[[ Information given, beginning ]]
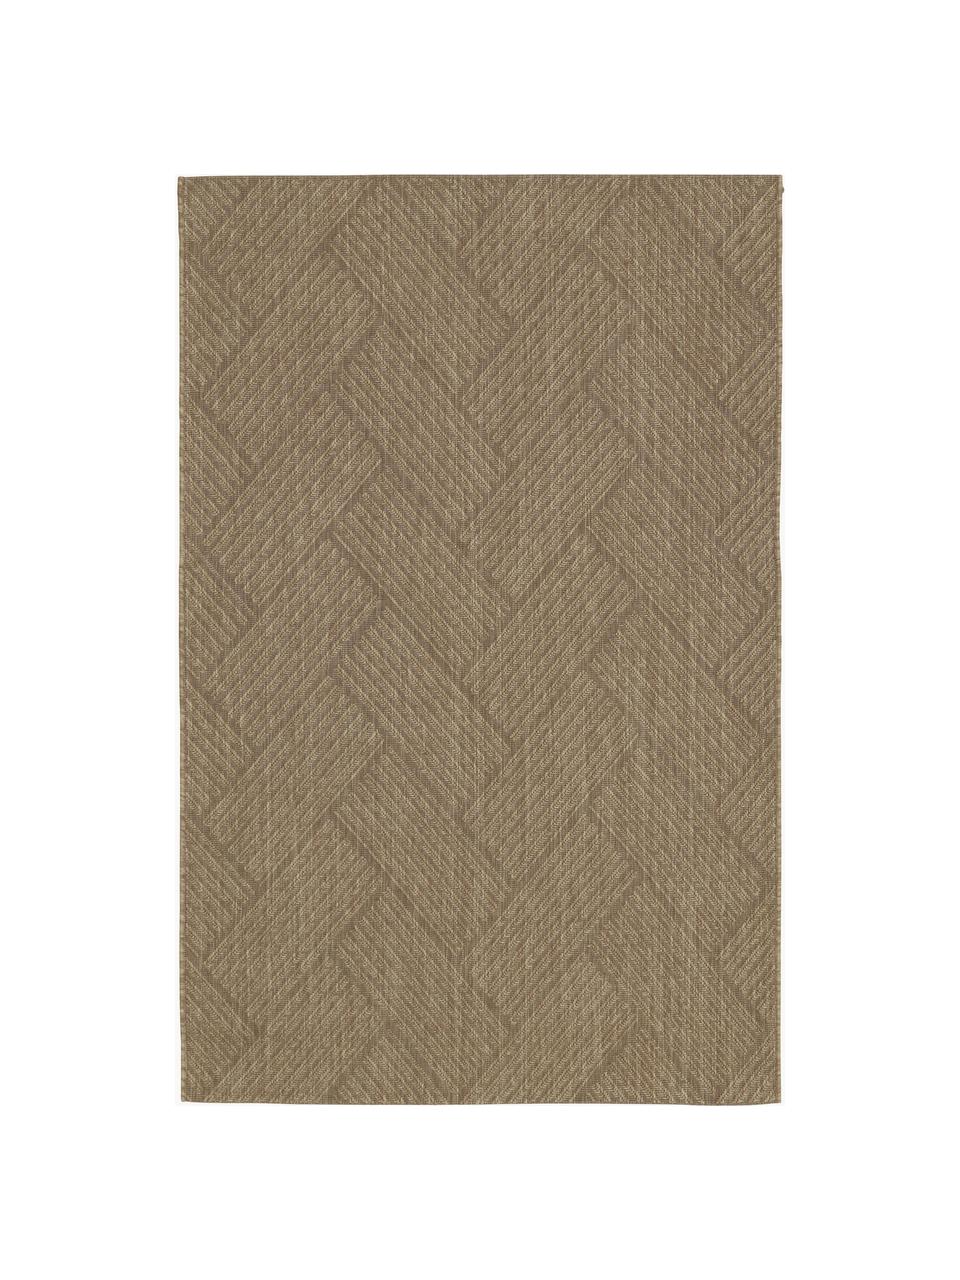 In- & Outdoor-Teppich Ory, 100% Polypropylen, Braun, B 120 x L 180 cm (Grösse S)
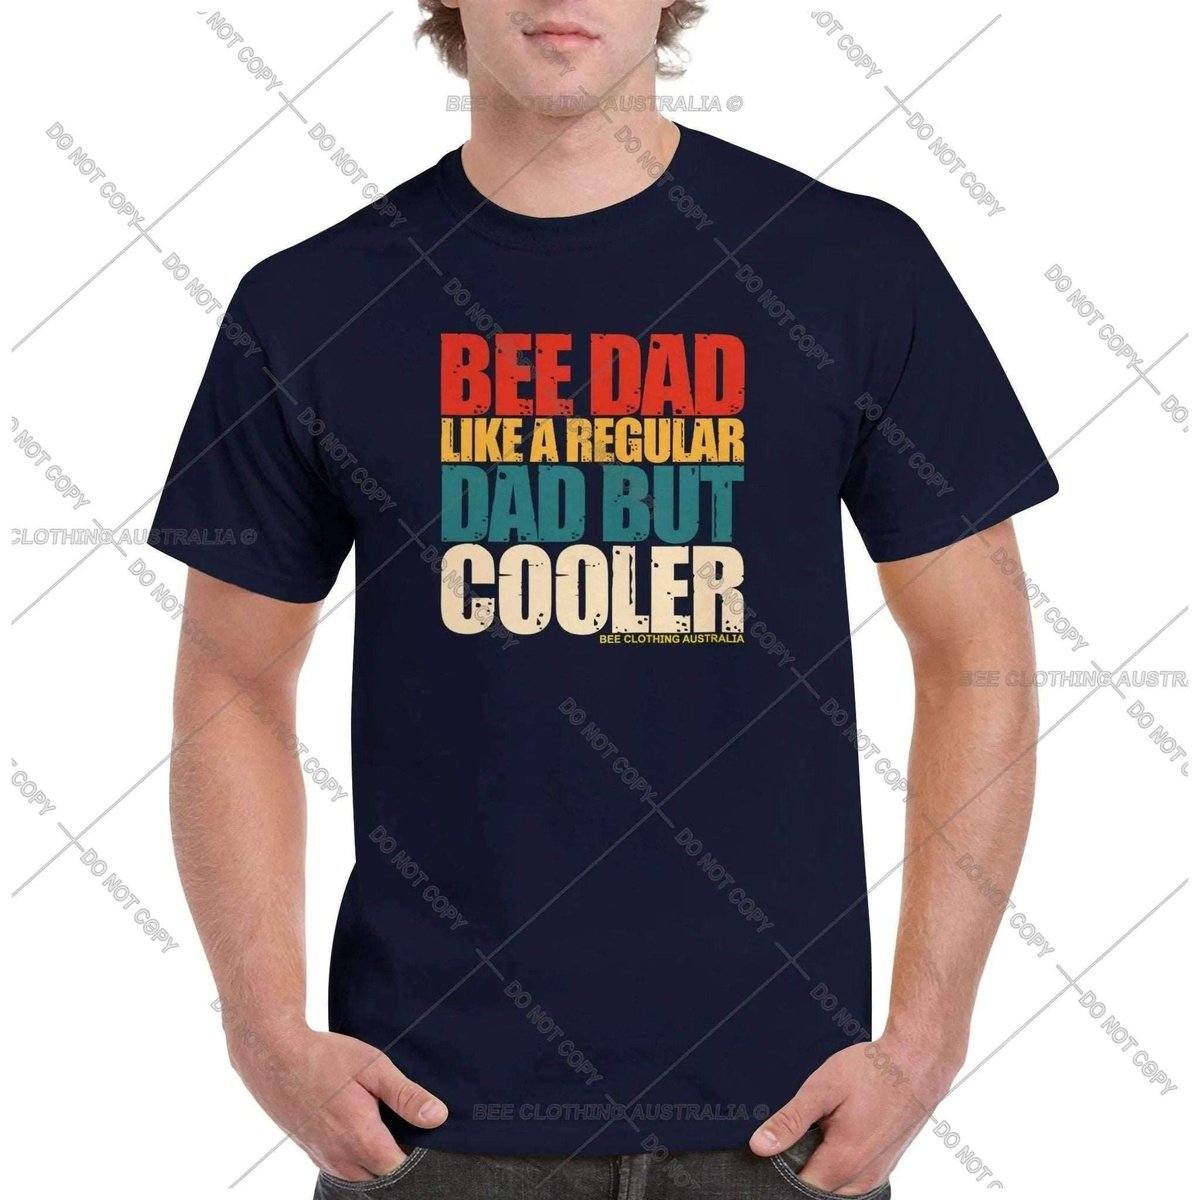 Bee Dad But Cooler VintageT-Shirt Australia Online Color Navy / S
[[ Information given, end ]]
[[ Information given, beginning ]]
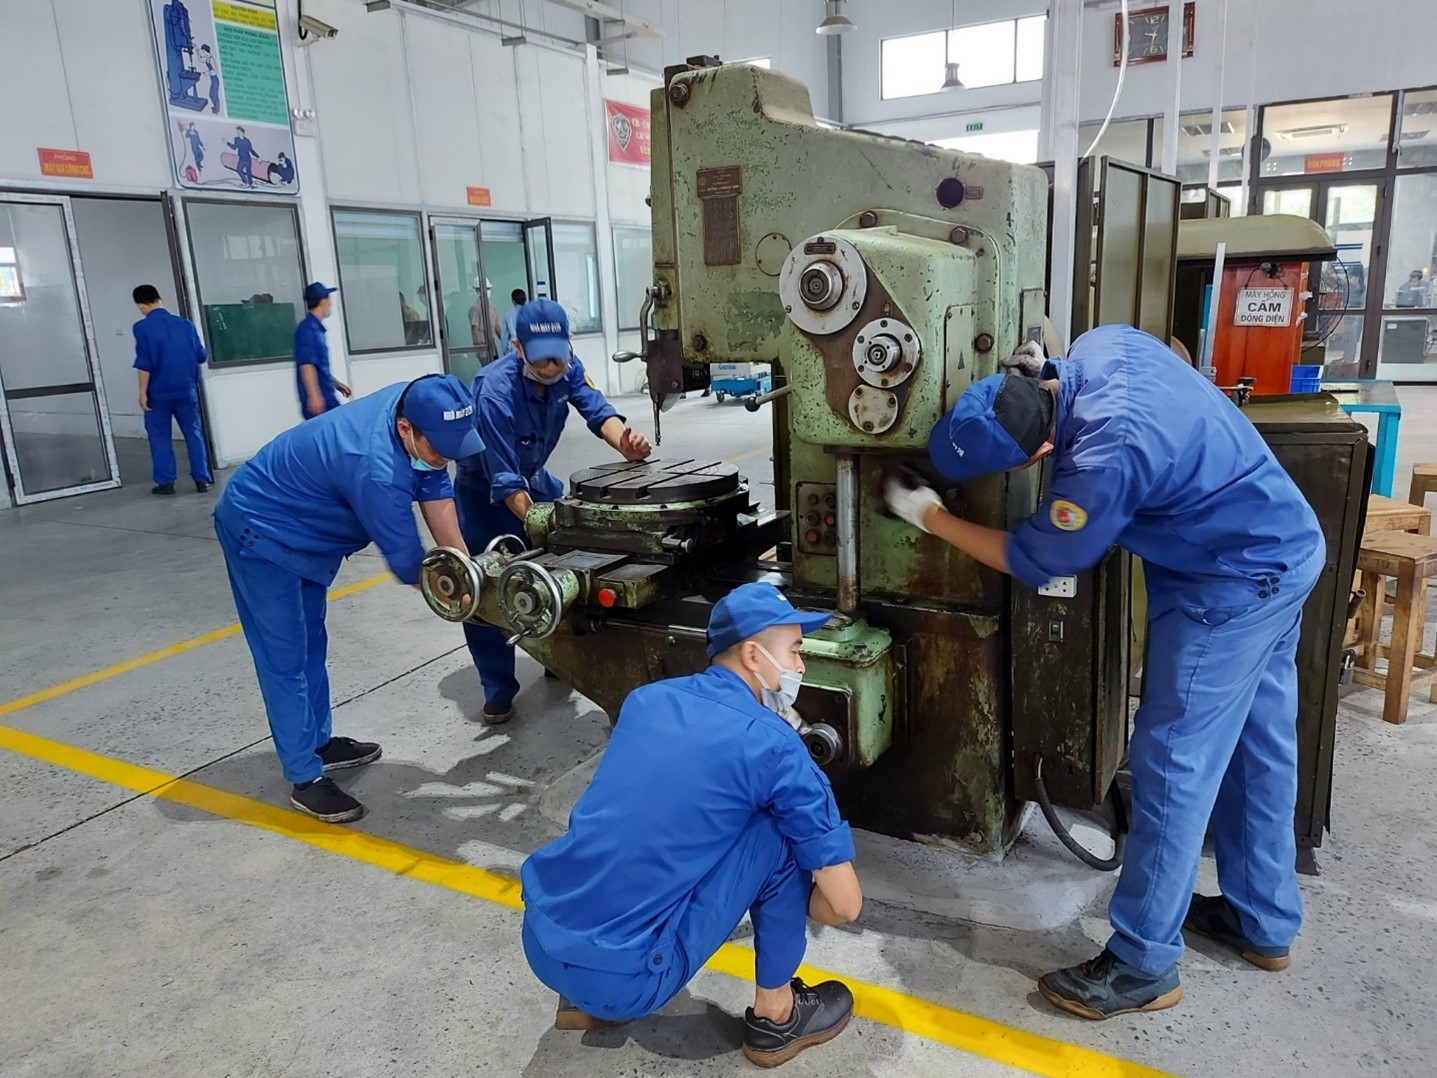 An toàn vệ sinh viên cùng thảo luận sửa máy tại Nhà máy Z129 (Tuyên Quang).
[[ Information given, end ]]
▸ Your task
Return exactly the stretch above whose first line contains "In- & Outdoor-Teppich" and whose last line contains "Bee Dad But", and nothing outside it. The pictures should not appear.

▸ Result below
 In- & Outdoor-Teppich Ory, 100% Polypropylen, Braun, B 120 x L 180 cm (Grösse S)
 Bee Dad But Cooler VintageT-Shirt Australia Online Color Navy / S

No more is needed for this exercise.